→ **DATASET EXTRACT**:
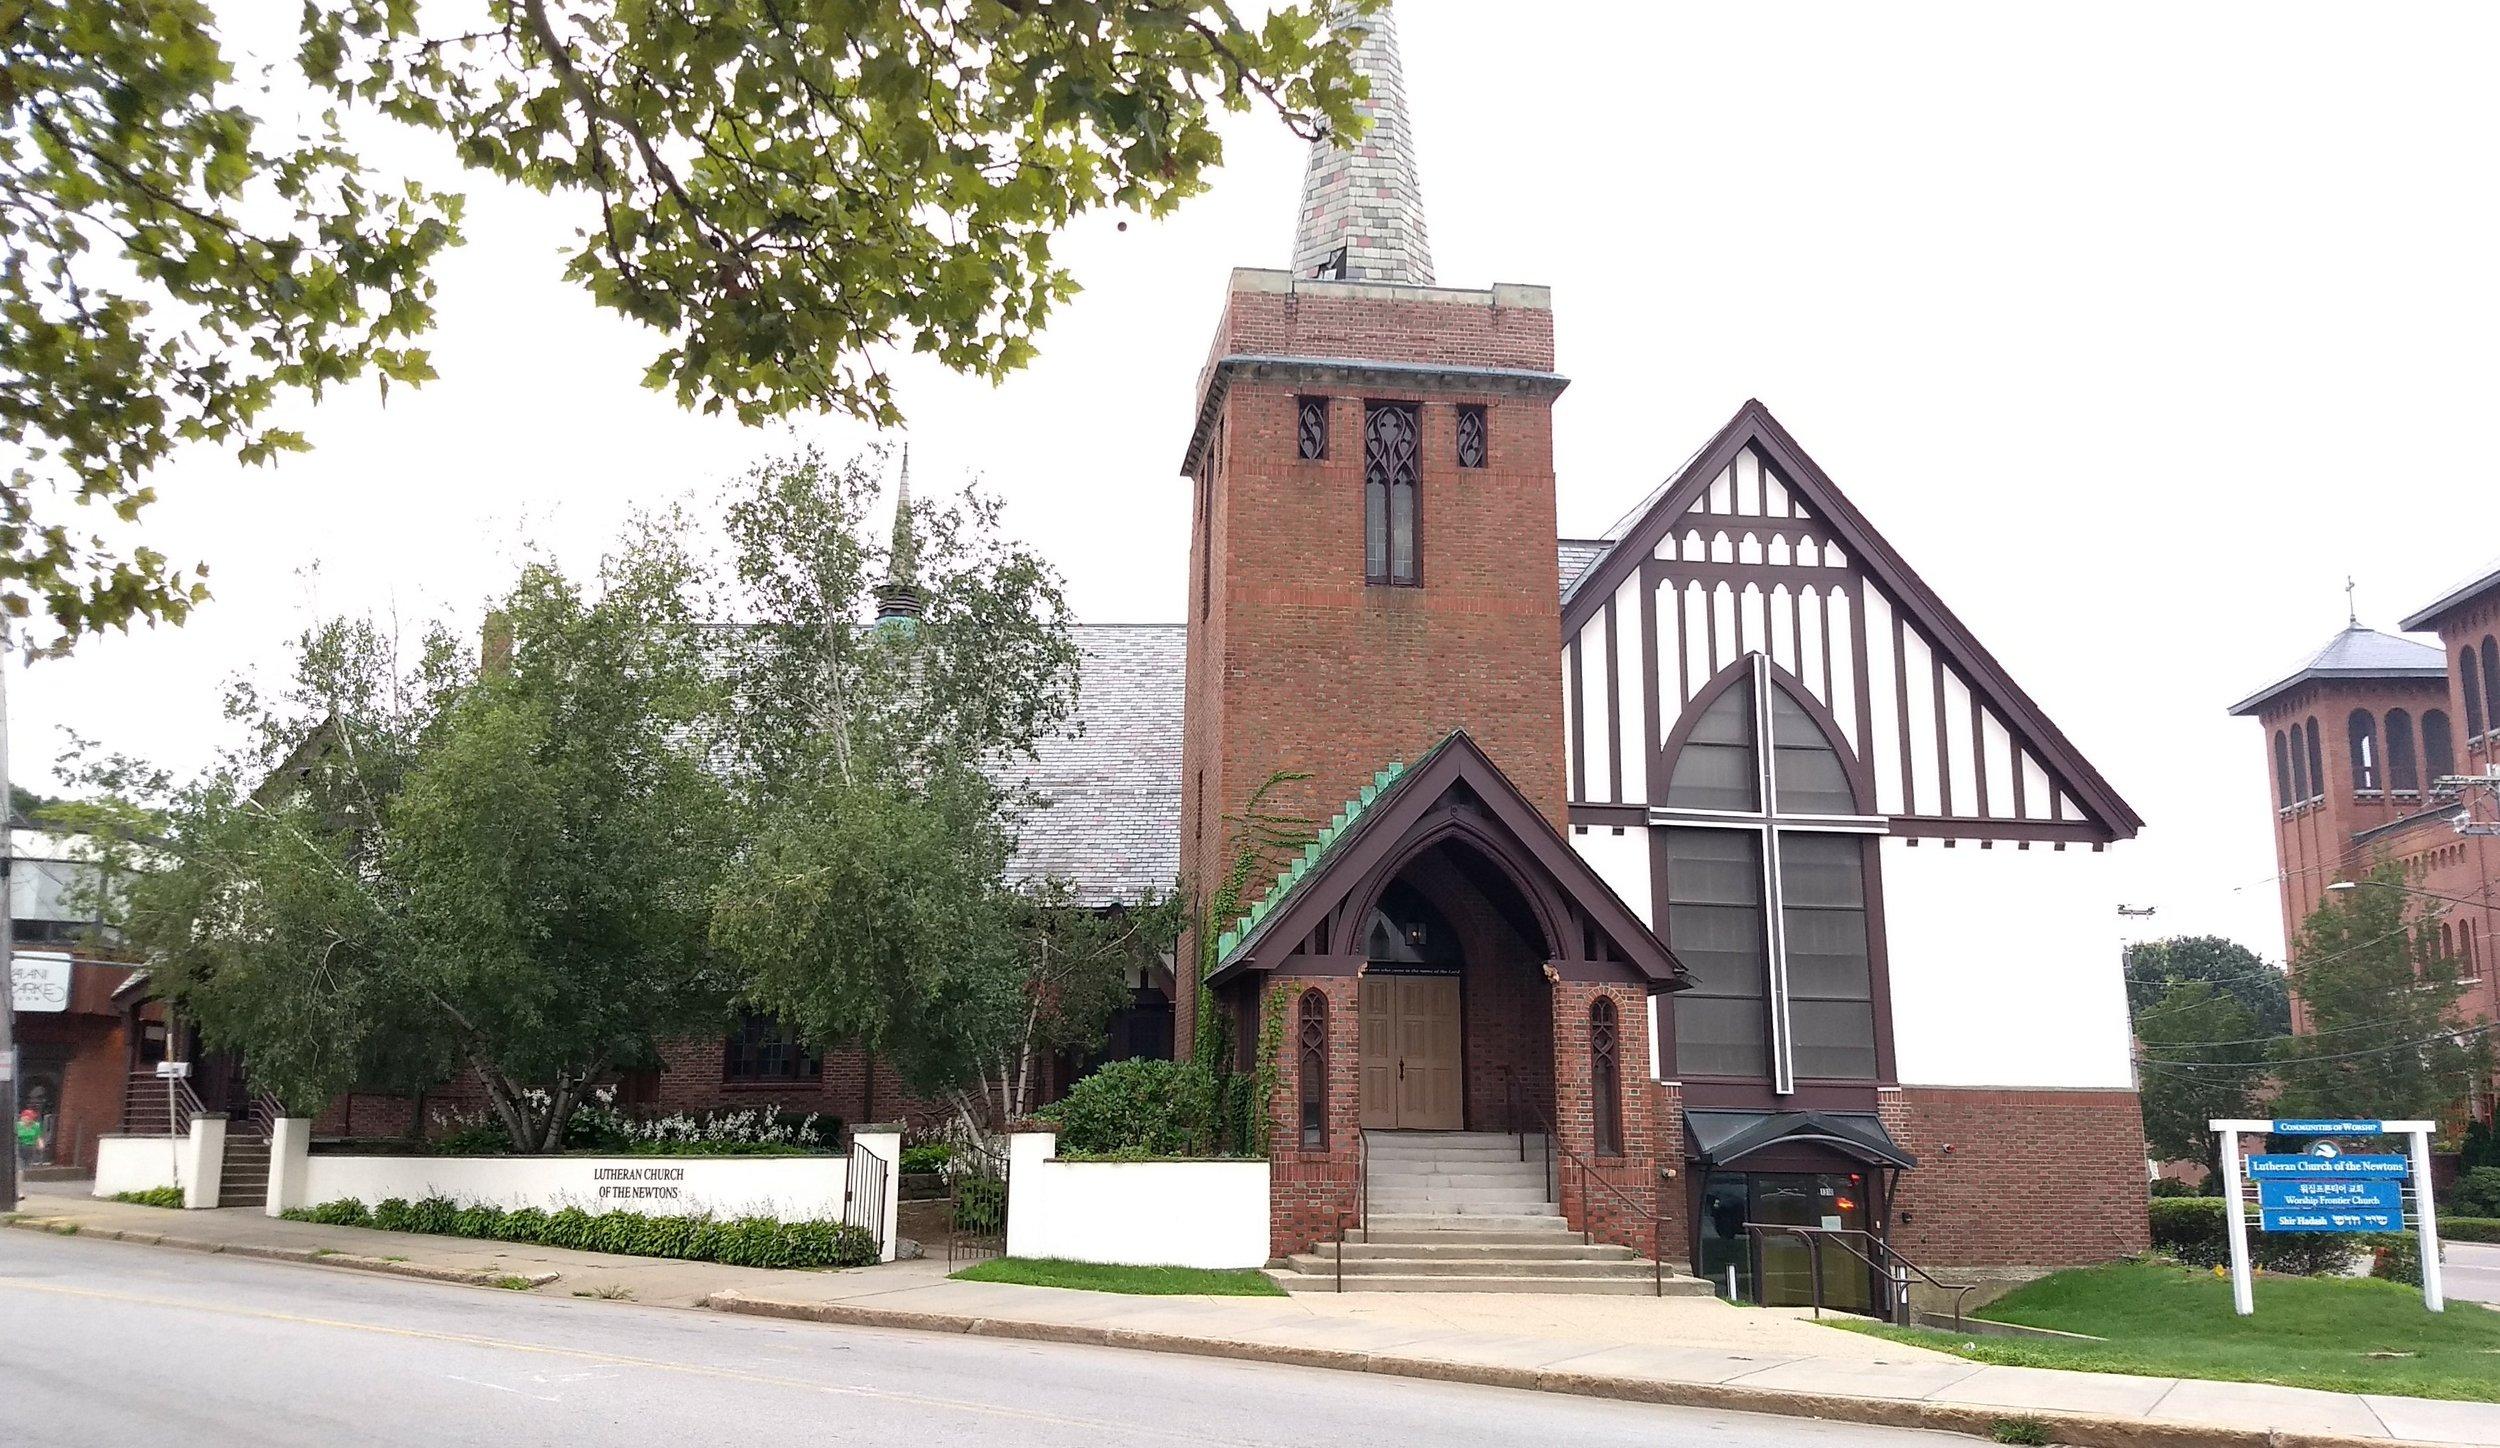 - Lutheran Church of the Newtons (LCN)루터란 교회의 건물에서 예배드리고 있습니다.*주일 주차창 안내와 건물 입구는 아래를 참고하세요
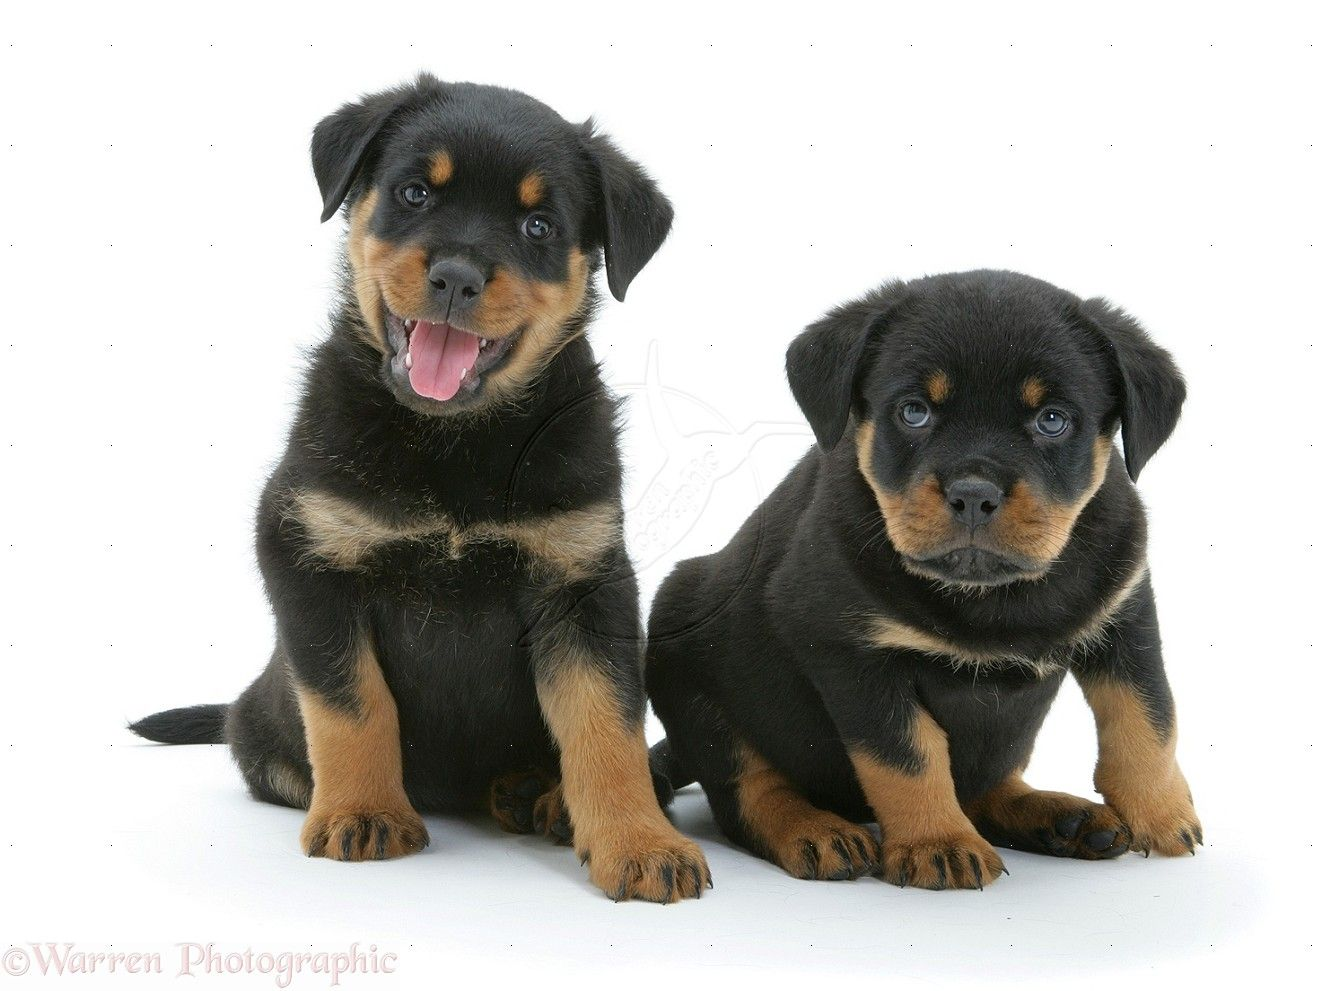 Two Rottweiler Pups Rottweiler Puppies Rottweiler German Rottweiler Puppies
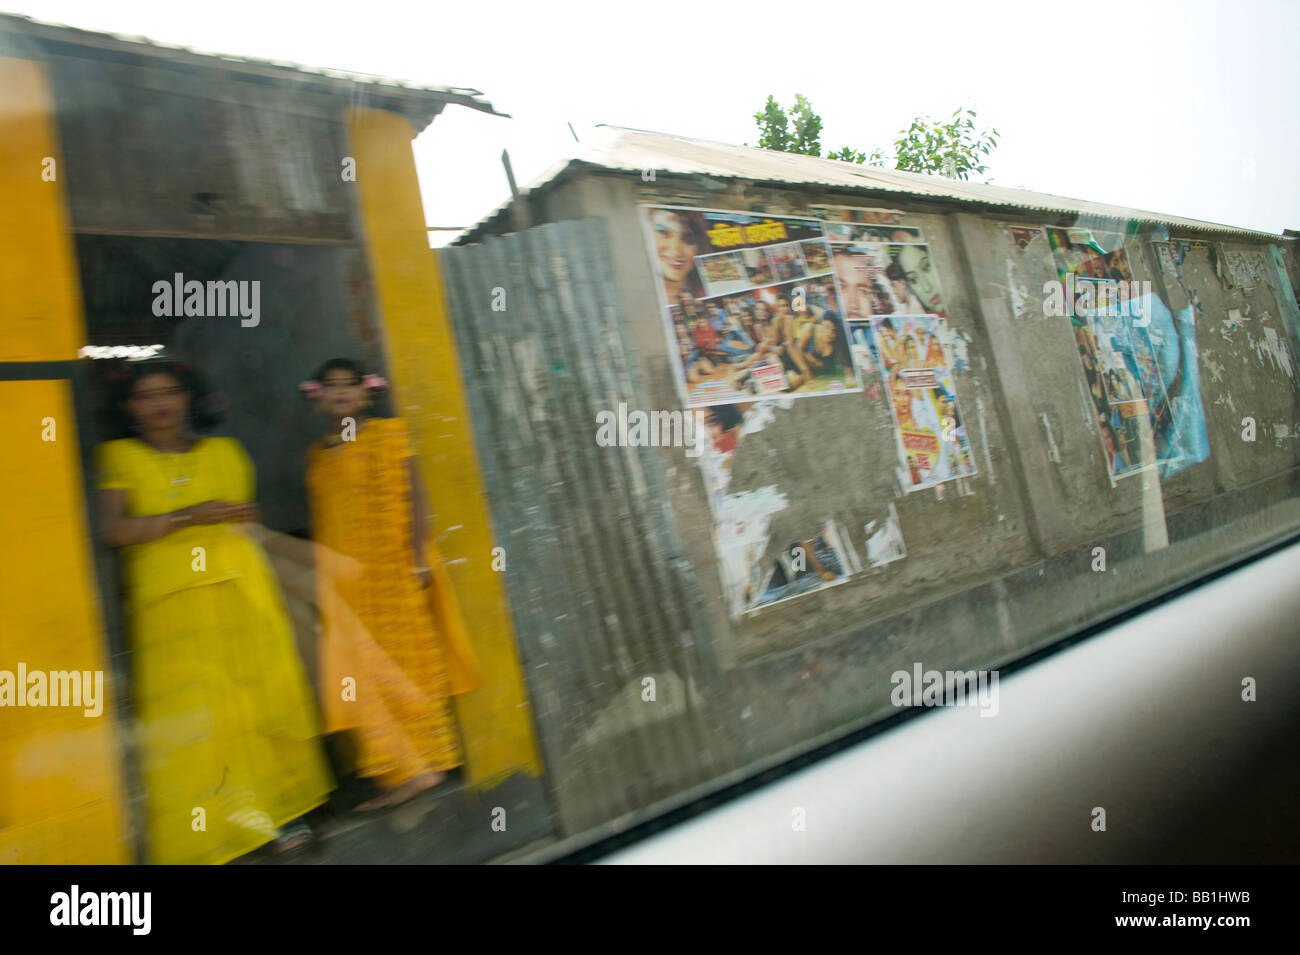 Passing by brothel in car, Tangail, Bangladesh. - Stock Image
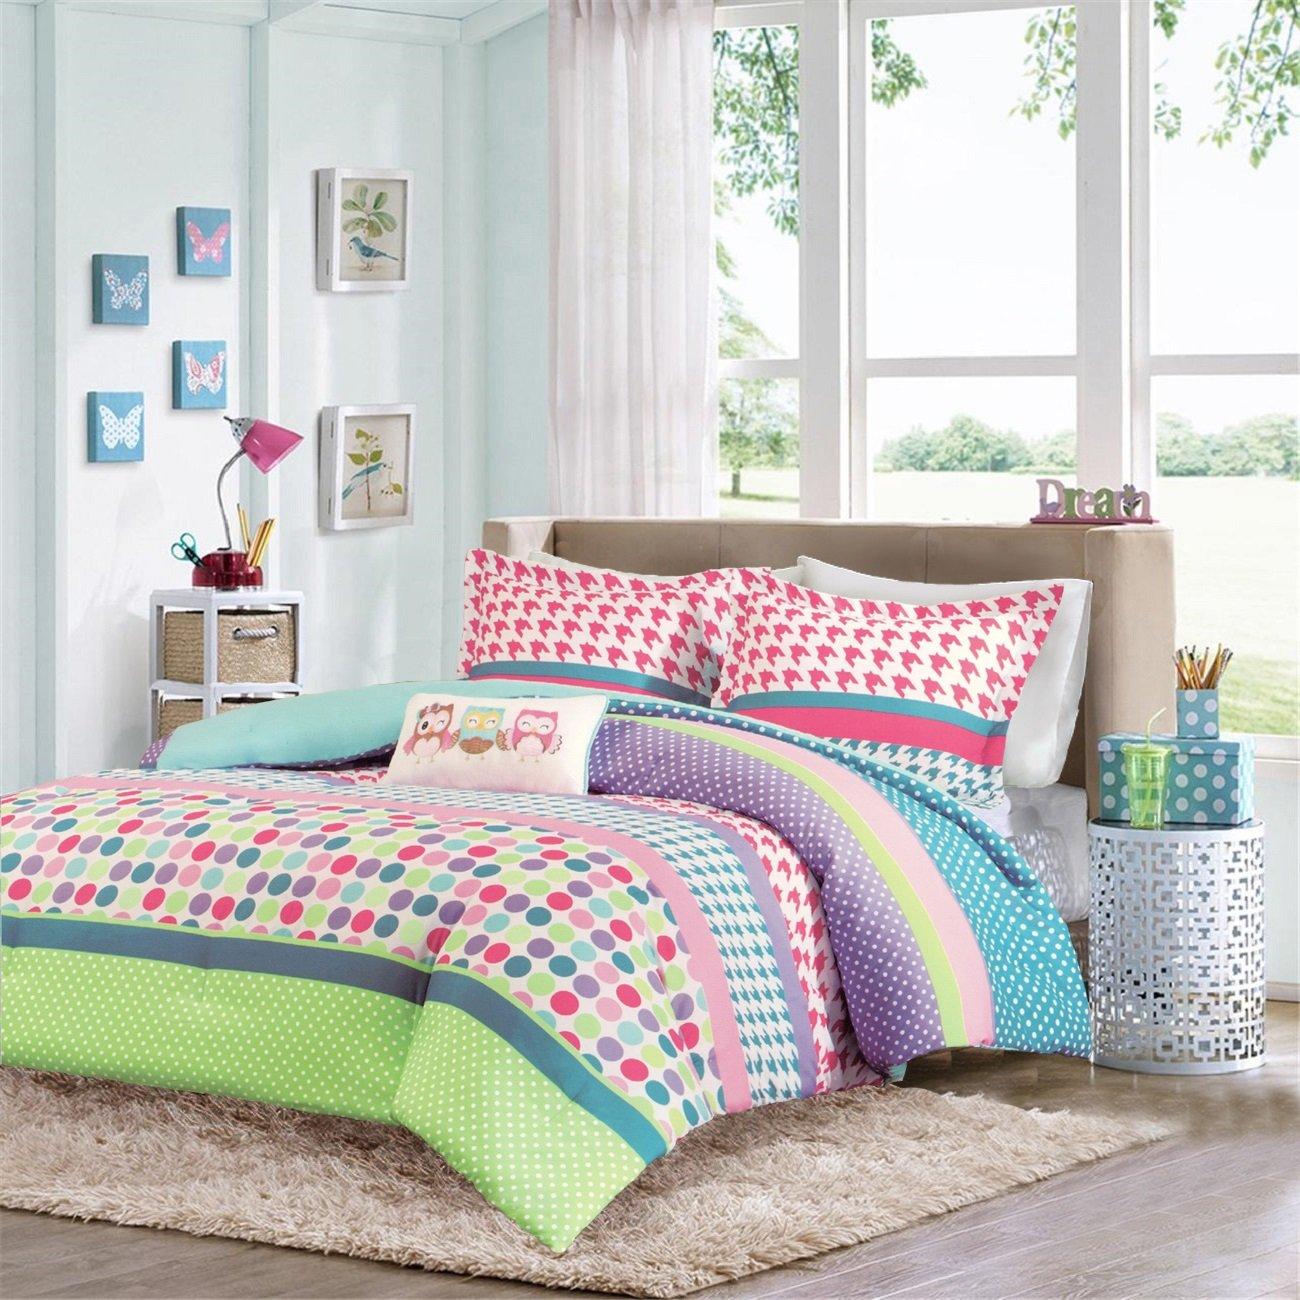 Girls Teen Kids Modern Comforter Bedding Set Pink Purple Aqua Blue Polka Dots Stripes Geometric Design with Owl Pillow. Includes Bonus Sleep Mask From Designer Home. (Full/Queen)

→ **AIM OF THE TASK**: The data above must be written out again word for word, without its pictures.

→ **YOUR RESPONSE**:
 - Lutheran Church of the Newtons (LCN)루터란 교회의 건물에서 예배드리고 있습니다.*주일 주차창 안내와 건물 입구는 아래를 참고하세요
 Two Rottweiler Pups Rottweiler Puppies Rottweiler German Rottweiler Puppies
 Passing by brothel in car, Tangail, Bangladesh. - Stock Image
 Girls Teen Kids Modern Comforter Bedding Set Pink Purple Aqua Blue Polka Dots Stripes Geometric Design with Owl Pillow. Includes Bonus Sleep Mask From Designer Home. (Full/Queen)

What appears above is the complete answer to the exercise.